Different part of the tvm-site can be built with different means, given that we are already using two different mechanisms to build the main site and the docs, we could add another script to pull and serve the rfc docs under tvm.apache.org/rfcs

One thing I don’t want is for a process to work against the way the community needs. Including a PoC component sounds like an essential part of this.

I think another repo e.g. apache/tvm-rfcs is good, so that it doesn’t create noise in the source/documentation repo. Using the PRs is also good because it shows all the comments in place, so the comments in a particular section don’t get lost in the discussion.

In GitHub, we can cross-link PRs and issues, so there is nothing the prevents us of having PoC code running fine with CI in the main repo apache/tvm, and the RFC discussion going on in the dedicated repo.

I think it is formal enough, and is a positive move.

It seems like we have reached consensus on moving to a repo to store RFCs, what process do we need to kick off in order to create such a repo? I would like to start submitting some new RFCs I will write to the new process.

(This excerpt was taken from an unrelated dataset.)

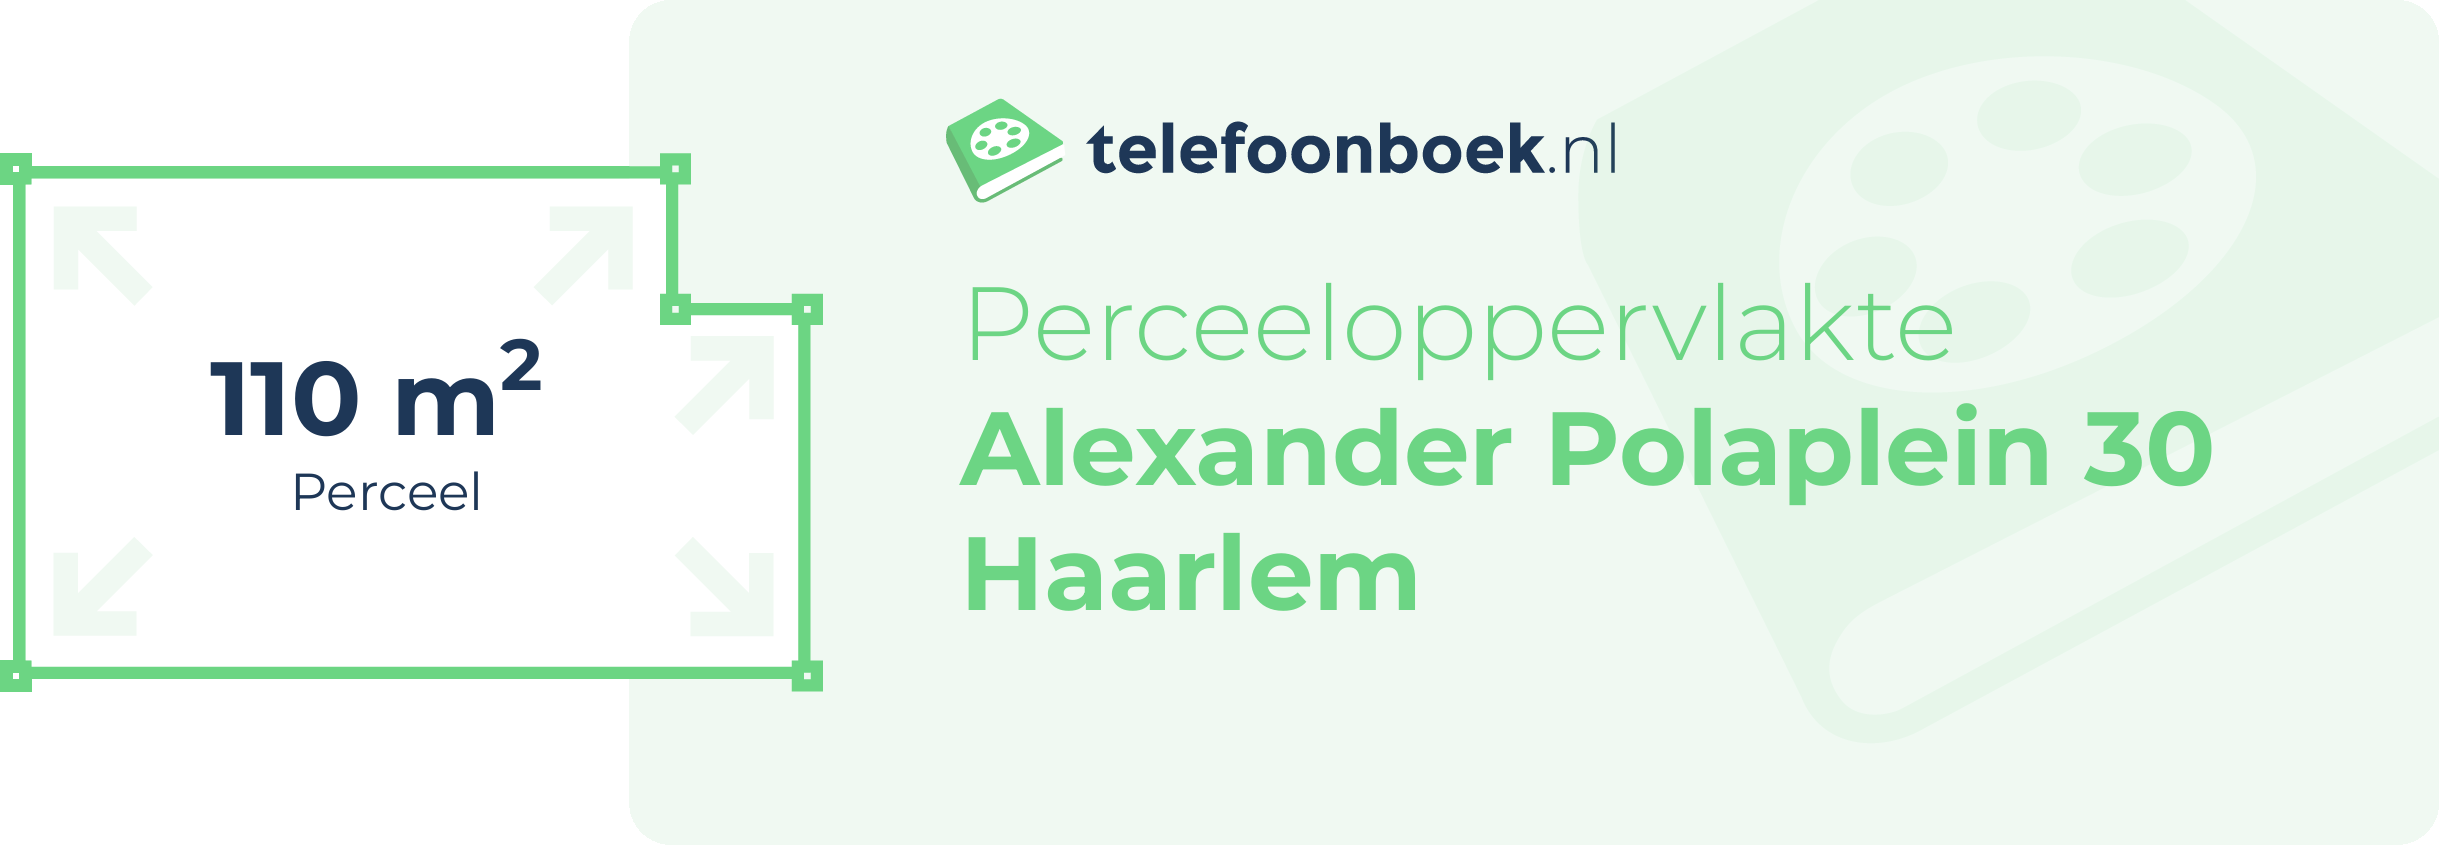 Perceeloppervlakte Alexander Polaplein 30 Haarlem
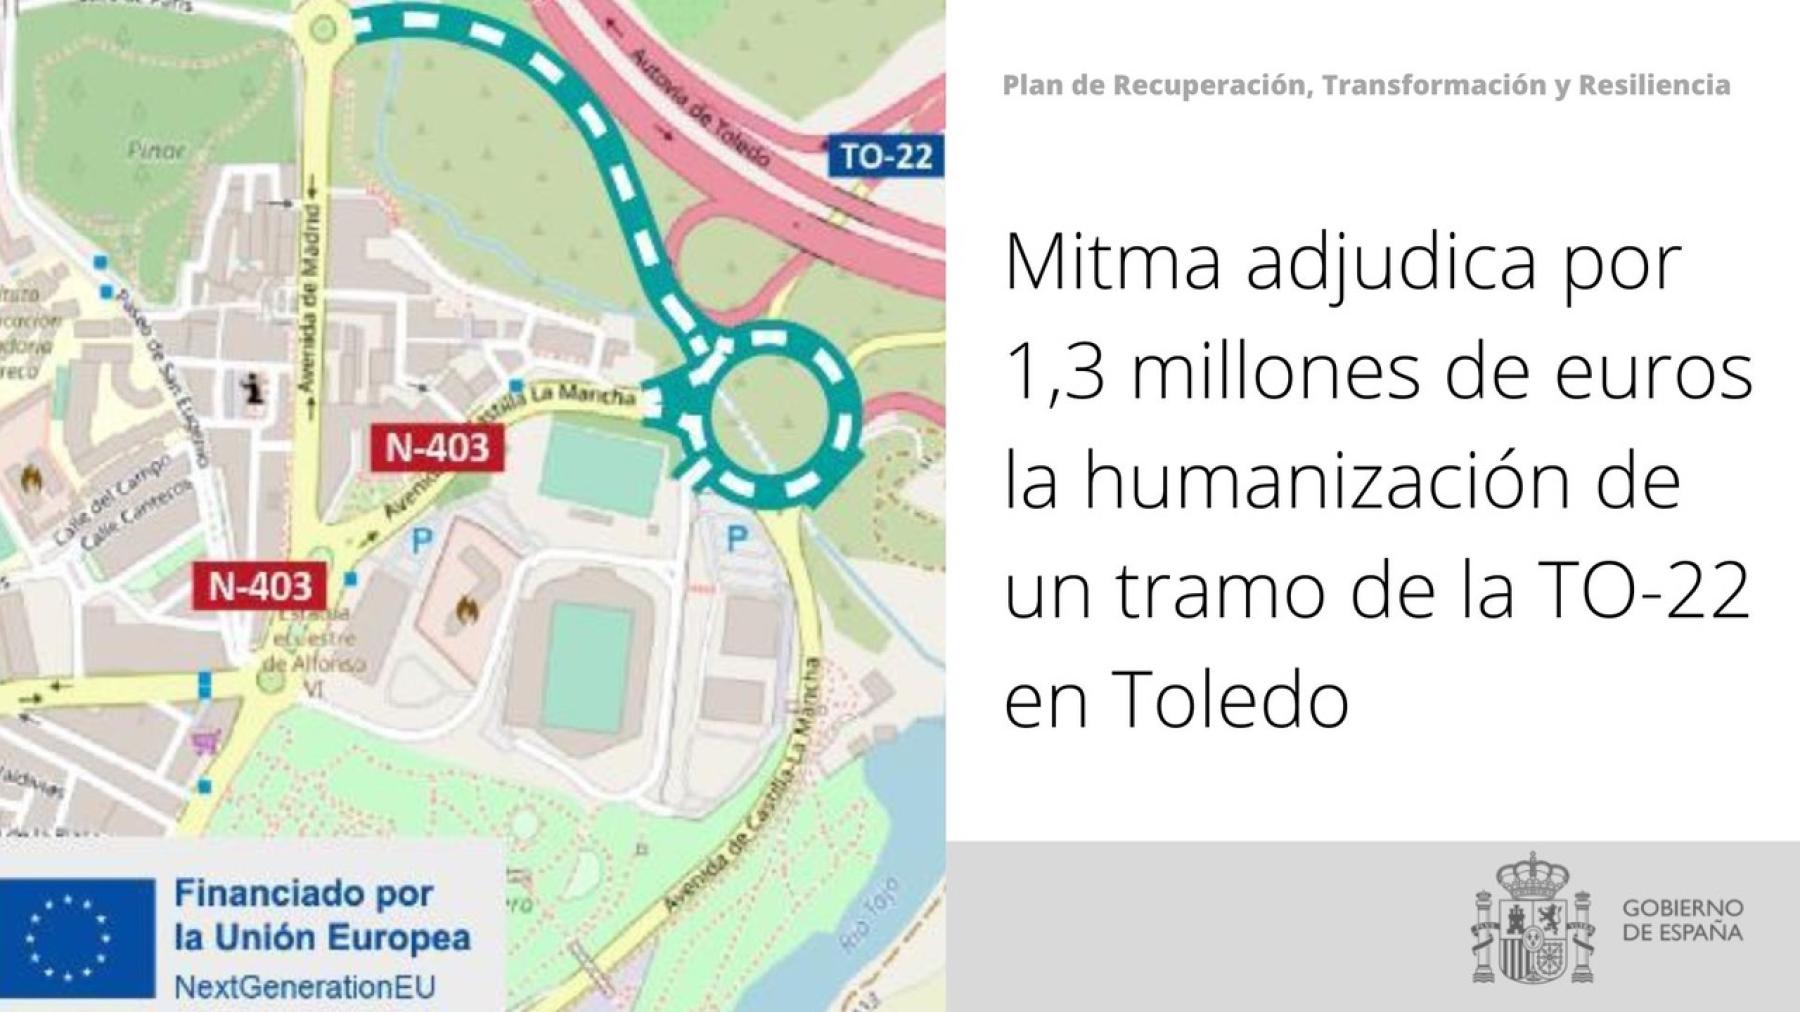 Mitma adjudica por 1,3 millones de euros la humanización de un tramo de la TO-22 en Toledo

repo created apache/tvm-rfcs · GitHub. We might need some intial effort on setting up the initial structure, then we can create an announcement to start the new process moving forward. @jroesch can you take a stab at the initial scafolding?

1 Like

The RFC repository has been seeded with a template, and I’ve sent up a pull request that attempts to capture the process discussed here. Please take a look and review, and we can formally begin the RFC process once that is complete.

Thanks! Chris

One item up for discussion in the pull request process is if we should link back to the original discussion forum postings for RFCs. The options are to:

A1: Link to the original posting to provide additional context, but treat the RFC as the source of truth for the RFC A2: Don’t link back to original posting, with a strong bias towards treating the RFC as the source of truth.

Thanks for everyone’s discussion. Please participating the vote here [VOTE] Adopt the New RFC Process · Issue #7991 · apache/tvm · GitHub to formally adopt the RFC process

The vote on the new RFC process has completed, with 18 votes to accept. In accordance with lazy consensus, the new process is in effect. As new RFCs are posted to the forum, I will add reminders to prepare a pull request to formalize the change. Thanks to everyone who provided feedback, and for helping to better organize and track this work through the new process.

Hi @hogepodge ,

If we are to store images, what is directory structure to keep them? Im thinking whether we’d need a folder per rfc ?

We can always hold images and other assets in a different folder, or a different location

@tqchen ,

Yes, we could. However, how would we associate the the group of assets with a rfc ? Maybe an assets/(rfc PR)/ ?

(Im assuming the first number in the rfc .md is the PR number, please correct me if I am wrong)

My personal feeling is that we should hold assets in the same repository, but we should also make sure those assets are reasonably sized.

For discussion, I propose a max 1MB/image.

The issue we can run into with images is the repository could quickly become unreasonable to work with. The issue with hosting externally is that you have to provide guarantees on long-term availability that you don’t have to worry about with in-repository images.

I broadly agree with holding them in same repository.

My question was what should be the directory structure :slight_smile: Other option for images, we could maybe link them from the discuss?